In the summer of 1996, I attended a one-week institute for educators in Reggio Emilia, Italy. At that conference, Carlina Rinaldi, director of the Reggio Emilia schools, said something that has reverberated for me again and again. To paraphrase her, she advised teachers that they should consider teaching using a road map to guide their instruction rather than a train schedule. A road map lets you know where you started, where you’re going and important routes and landmarks along the way. But more importantly, it also allows you to take detours for interesting explorations, always showing you how to get back onto the original road. A train schedule, on the other hand, doesn’t allow one to take more time exploring places and ideas that are particularly interesting. It keeps one from taking those detours that allow for interesting and sometimes mind-altering surprises.

Some years ago, Lucy Calkins, head of the Teachers College Reading and Writing Project, asked me if I would co-present a day for kindergarten teachers.. Lisa Ripperger was going to address writing workshop in kindergarten, Mary Ann Colbert was presenting the reading workshop and I was going to speak about choice time. When the three of us met to plan, Lisa and Mary Ann were able to plan together but I seemed to be the ‘odd man out’. I noticed that they were thinking about how their workshops changed and grew across the year. I began to wonder if I could use a similar paradigm to plan for a year of Choice Time. I’d like to share what I came up with. However, I think that it’s really important to consider this only as a possible Choice Time roadmap and not as a train schedule to follow.

Fall (September to December)

Since this is the start of the school year, my instructional focus for centers is on creating situations that will support conversation and also on helping children, often through direct demonstration, learn how to use and care for materials.
(I.e. unit blocks; water and sand implements such as funnels, tubes and different size cups; science tools such as magnifying glasses, droppers, shells; paint, crayons, markers, a selection of papers, glue, scissors and other possible art materials in the art center; a selection of math manipulatives; and independently using the headphones, tapes and tape recorder in the listening center).

At centers, children can explore the many possibilities for using a variety of equipment and materials. They also have time to work independently and in small groups, sharing materials and ideas with each other. I have noticed that activities and constructions, at this time of the year, are quite often ‘of the moment’ and might last only for one day. Children are usually ready to explore something new the next day. They are also just learning to work in small groups and in partnerships where they need to share materials.

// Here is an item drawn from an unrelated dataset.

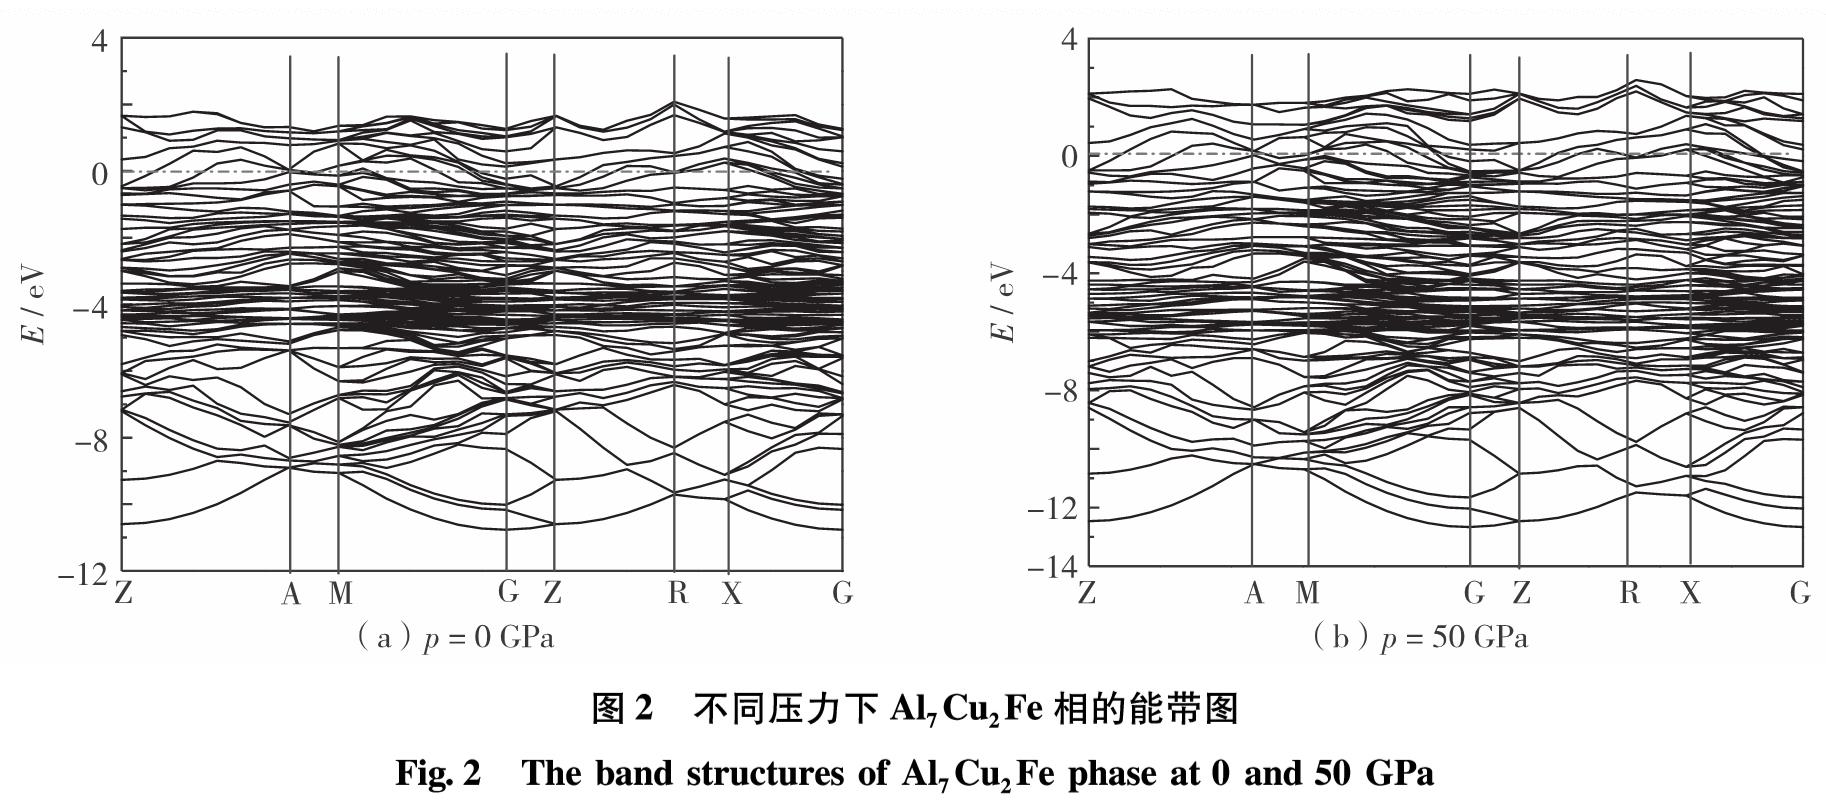 图2 不同压力下Al7Cu2Fe相的能带图<br/>Fig.2 The band structures of Al7Cu2Fe phase at 0 and 50 GPa

By giving children opportunities to share their work and choice time experiences with the class, and by providing places in the room to display children’s work, both projects that are completed and work in-progress, the teacher is encouraging children to see themselves as competent explorers.

Winter (January to March)
By this time of the year, my instructional focus is more towards giving children opportunities to work on expanding their projects. Children are encouraged to build onto a project. A few examples are adding more details or color to a drawing or painting. They might create signs and add people and animals to a block structure. In my class and in other classes I’ve seen the dramatic play area transformed into a doctor’s office, a post office, a castle, a grocery store and even a playground. The water table becomes an exciting center for making new discoveries just by adding new materials such as food coloring, ice cubes, snow or soap suds. I remember a time when a group of children used the Cuisenaire rods and small wooden ‘people’ from the block center to create a village in the sand table. What is so exciting is that the possibilities are endless depending upon the children’s interests.

By now, children are often beginning to label projects and to use print more naturally in the different centers, such as writing telephone messages in the dramatic play center or making a ‘scientist’s observation book’ in the science center. Children might be becoming more involved in planning together before beginning their play. The teacher would probably notice a greater use of dialogue within the centers as children share ideas and negotiate compromise.

Spring: April – June
For me, this was a particularly exciting time of the year. My instructional focus for Choice Time now included supporting children’s increased engagement in dialogue and their growing ability to use writing and reading as part of their choice time projects.

During this time of year, I found that it was important for children to have more time in their centers. They often stayed in the same center for at least two days.
My centers would quite often give children opportunities to expand on classroom inquiries in social studies, science and chapter books that I read to them. Some examples of this were a group project to design and construct a bridge when we were involved in a bridge study. The group spent five days working on this project, drawing bridge plans, revising, building and using toy cars and people to play with their bridge. After I read the chapter book, My Father’s Dragon, the children asked if they could make their own 3-D map of Wild Island. I gave them a large piece of cardboard to work on in the art center. Different children worked on this project each day, referring to the book to be sure that they were putting everything in the right order. They labeled the different parts of the map, made arrows to show what came first, made ‘pop up’ people and animals and, as you can imagine, had many opportunities to resolve conflicts within the group!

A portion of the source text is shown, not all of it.